Zeidel also emphasizes the diplomatic and international importance of the meetings. “Iraqis have little interest in the Israeli-Palestinian conflict, and Iraq is also a supporter of the Arab Peace Initiative – which calls for Israeli recognition of a Palestinian state in the West Bank and Gaza Strip, in exchange for normalization of relations with all Arab states,” he says.
“Israel and Iraq could both benefit from improved relations,” he continues. “Iraq is the second largest exporter of oil in the world, after Saudi Arabia, and could be a significant trading partner. Iraqis are desperate for Israeli aid in many areas, including construction and agriculture. Changing the relationship with Iraq could change the entire equation of relationships in the Middle East.”
Dloomy agrees. “Our dialogue takes place at the level of civil society and as private individuals. We have no pretensions to solve the Israeli-Arab conflict, but our meetings could contribute by creating a different set of relationships in the Middle East.
“I envision similar networks of connections between Israelis whose parents fled other Arab countries and people their own age from those countries. It’s a long process, and it’s very fragile, but I believe we are proving it can happen,” says Dloomy.
Gilgamesh even hopes to see Israeli tourists visiting Iraq, where there are many historical sites of Jewish significance. The modern city of Mosul, for example, is associated with the ancient city of Nineveh, and many believe it is the site where the prophet Daniel is buried. Tradition locates the tomb of the prophet Ezekiel in the small town of Kifel, near Baghdad.

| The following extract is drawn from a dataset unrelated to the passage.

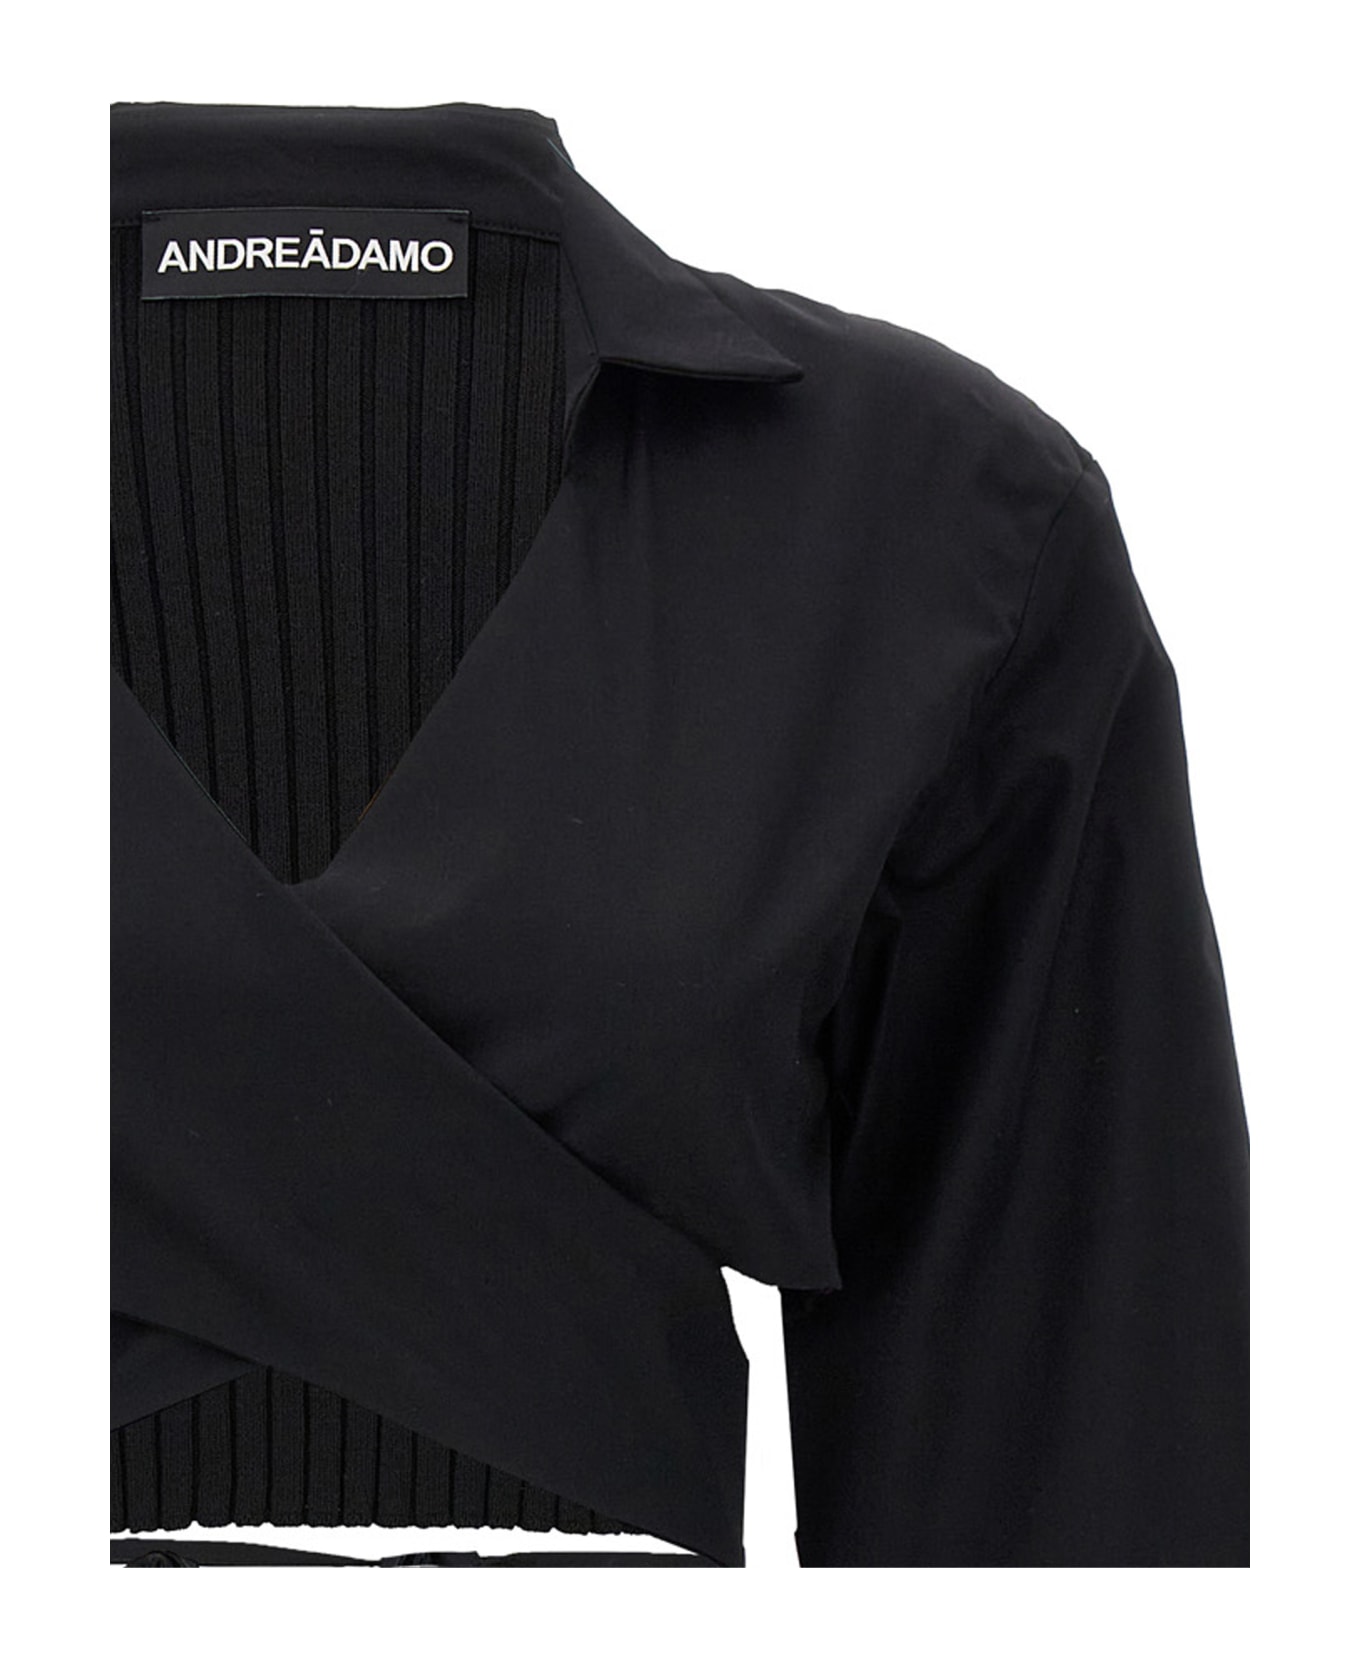 ANDREĀDAMO 'criss Cross' Cropped Shirt - Black

However, given the unstable situation in Iraq, tourism to the country remains almost nil. Still, Gilgamesh believes Israelis and Jews could alter that situation. “Israeli and Jewish tourists have reasons to visit our country, and this would be good for our economy and for relations within the Middle East,” he says.
Cohen-Barzilay notes that the motivations of the Israelis participating in the meetings differ from those of older Jews who were born and raised in Iraq. “Some of the first generation, those who fled Iraq, may see themselves first as Iraqis. I see myself first as an Israeli Jew, and we will have to discuss not only the Farhud and the troubled history – but also the present, and the relationship between Israel and Iraq today.”

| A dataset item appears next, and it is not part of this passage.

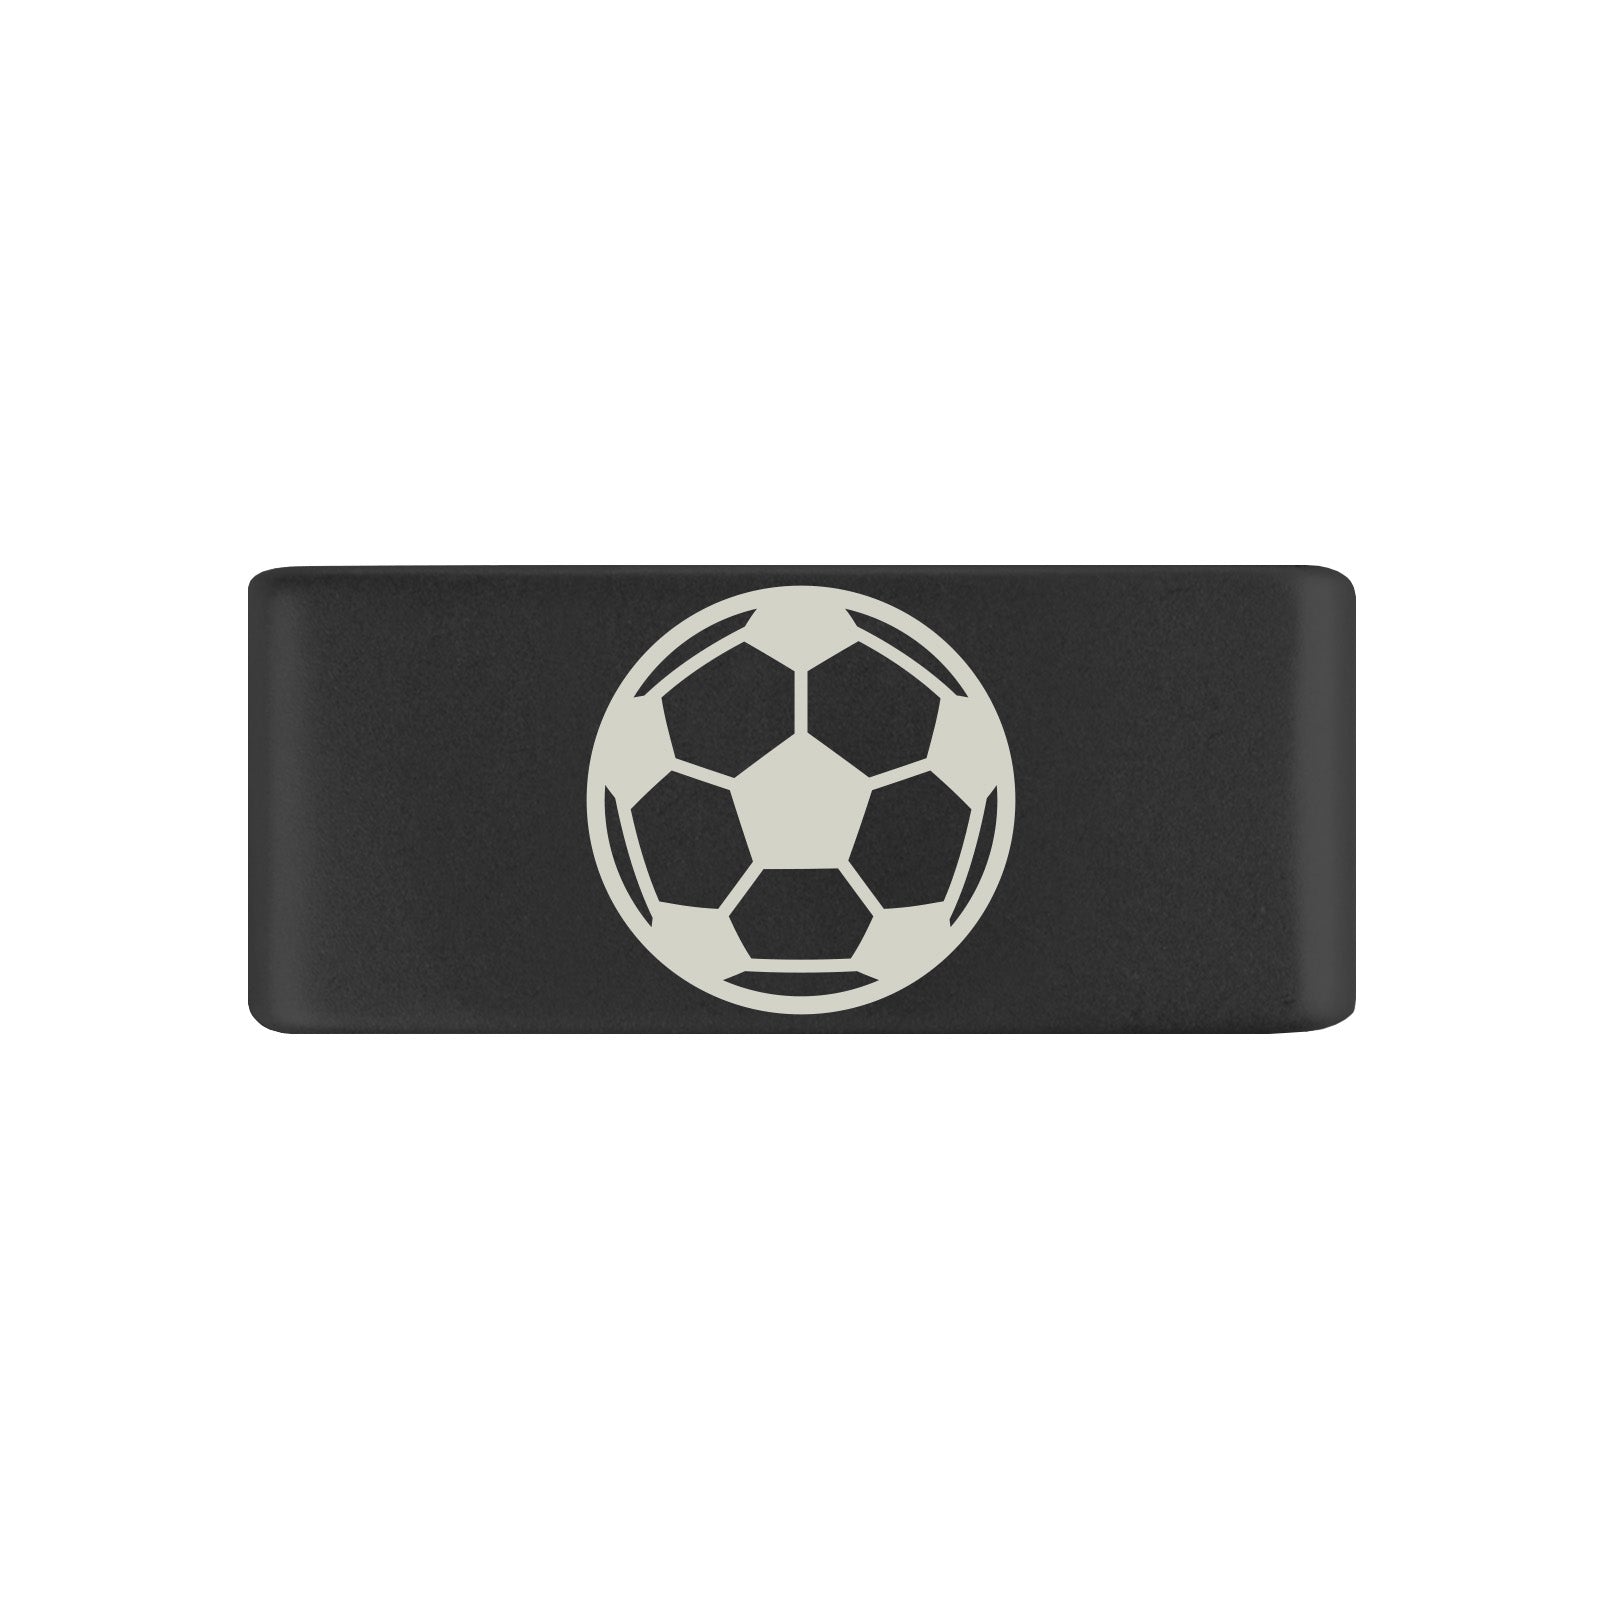 Soccer Badge Badge 13mm - ROAD iD

Gilgamesh, meanwhile, acknowledges that the distinction between being Jewish and being Israeli confused the Iraqis. “At first, I thought that many Jews would want to come back to Iraq to help create a new, pluralistic Iraq. I did not distinguish between Judaism and Zionism, or between Israel as a Jewish state and the policies of the Israeli government. It is important that we try to create a space to understand these complexities.”
He concludes, “I am fearful and yet, at the same time, I believe that nothing will destroy my dream of a new Iraq and peace among peoples in the Middle East.”